Where Shakespearean wit and subtle sexual puns once filled modern high school auditoriums with awkward silence, the mechanics of Increpare‘s Theatrics achieve the same for the auditorium of the mind.
In this electronic hypertheatre of the future, a future of ironies, you are at once the player, yet the playwright. You wield a great and terrible power, as playwright you are lord of all artistic creation. As player, you shoulder the monstrous burden involved in expressing human emotion to a bespectacled and autistic audience. Love. Betrayal. Joy. Rage. It’s all here, broken down into its smallest constituent parts and delivered straight into your faux-8-bit nasogastric tube. You know that you are being creatively nourished, and yet inherent to its delivery is a great emptiness. For the great feast is bypassed, and Theatrics is a game of pure utility.

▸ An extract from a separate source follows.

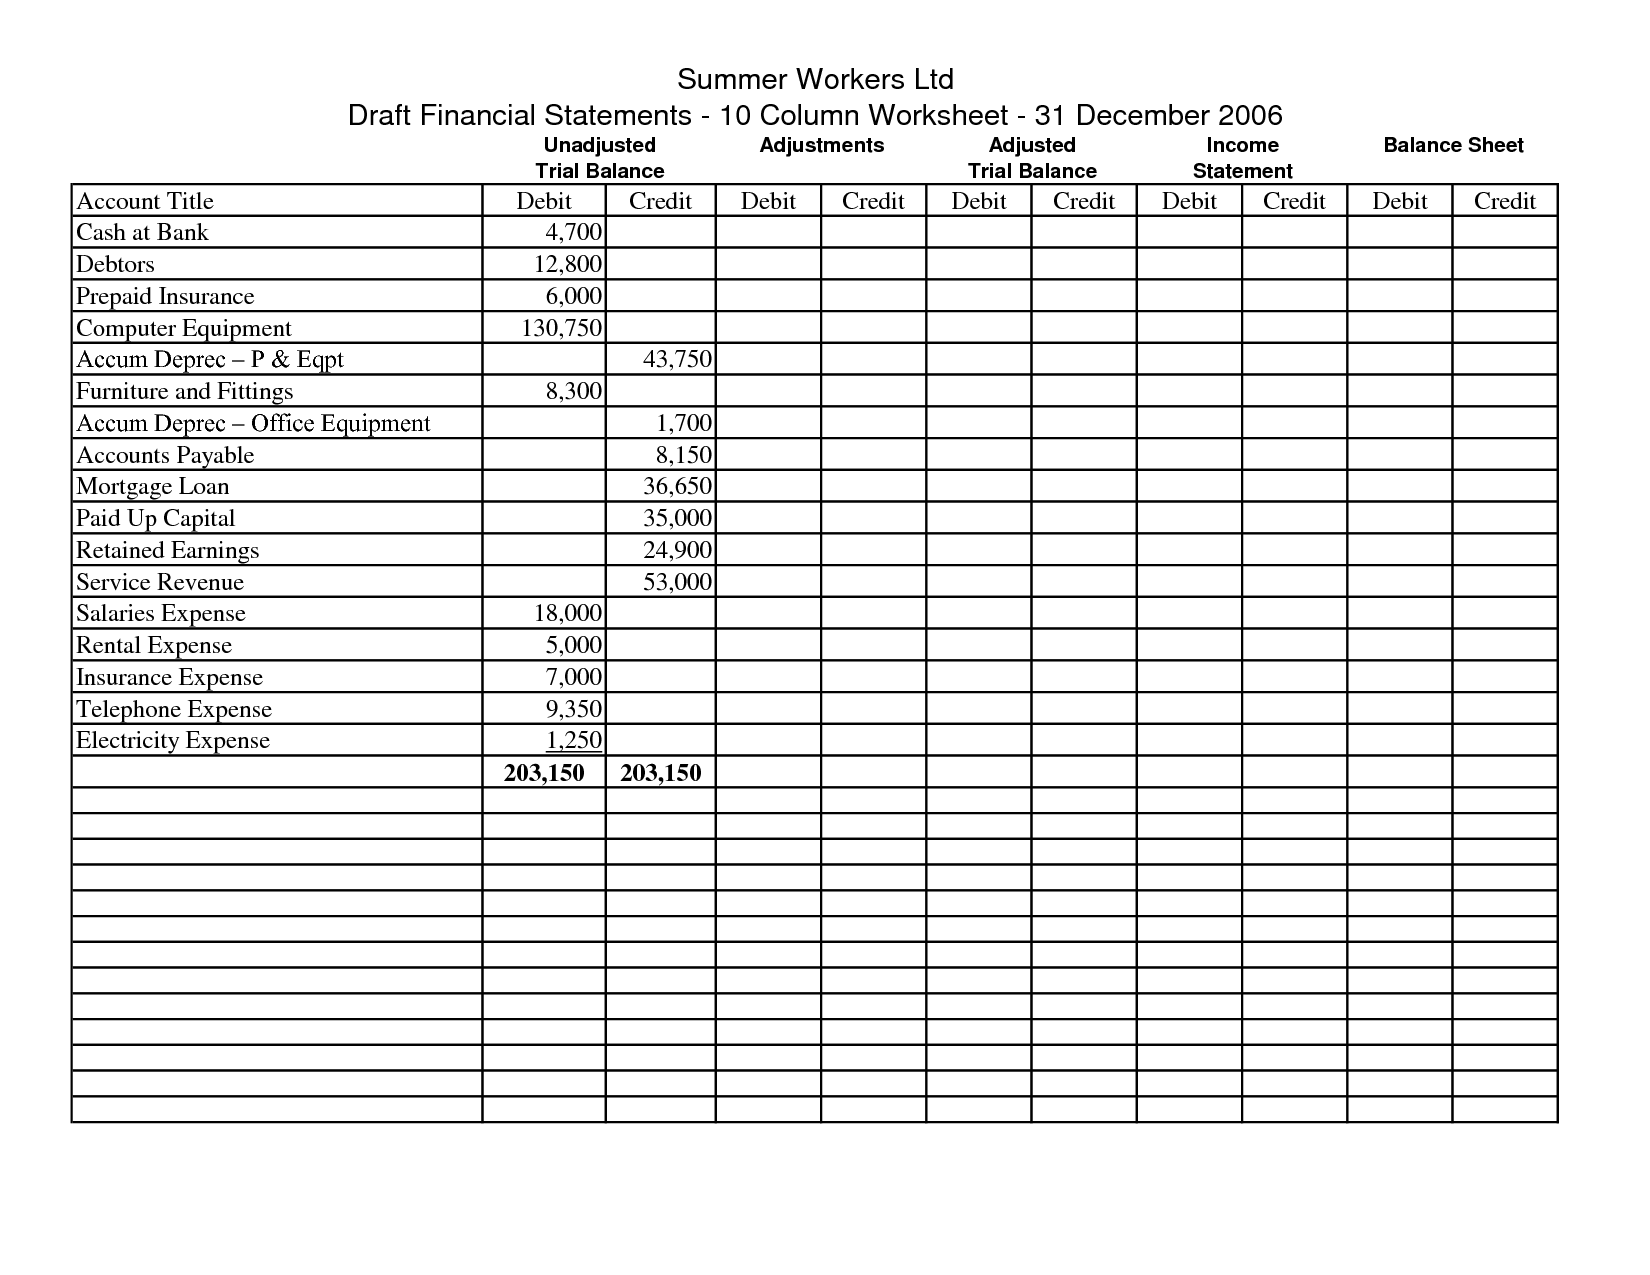 15-best-images-of-blank-accounting-worksheets-blank-10-column

At this time of great mirth and excess, the dawning of a new decade, it’s important to take a step back. Theatrics puts life in perspective. A means to an end. The dull minutiae of our lives stripped away, reduced to nothing more than a list of instructions. All the world’s a stage 1-1, and all the men and women merely players. They have their exits and their entrances, so too does Theatrics. Theatrics is a food for special medical purposes, created on an industrial scale in a cold steel laboratory, shipped via a leviathan logistics network to your primary care giver, administered through your tube whereupon it percolates in the small bowel of your mind. Here it festers, it leaves its mark, and at last leaves the body as fundamentally unfulfilled and retrospective as Krapp himself, age-weary and sun-shrunken, huddled by his tape recorder, awaiting the end.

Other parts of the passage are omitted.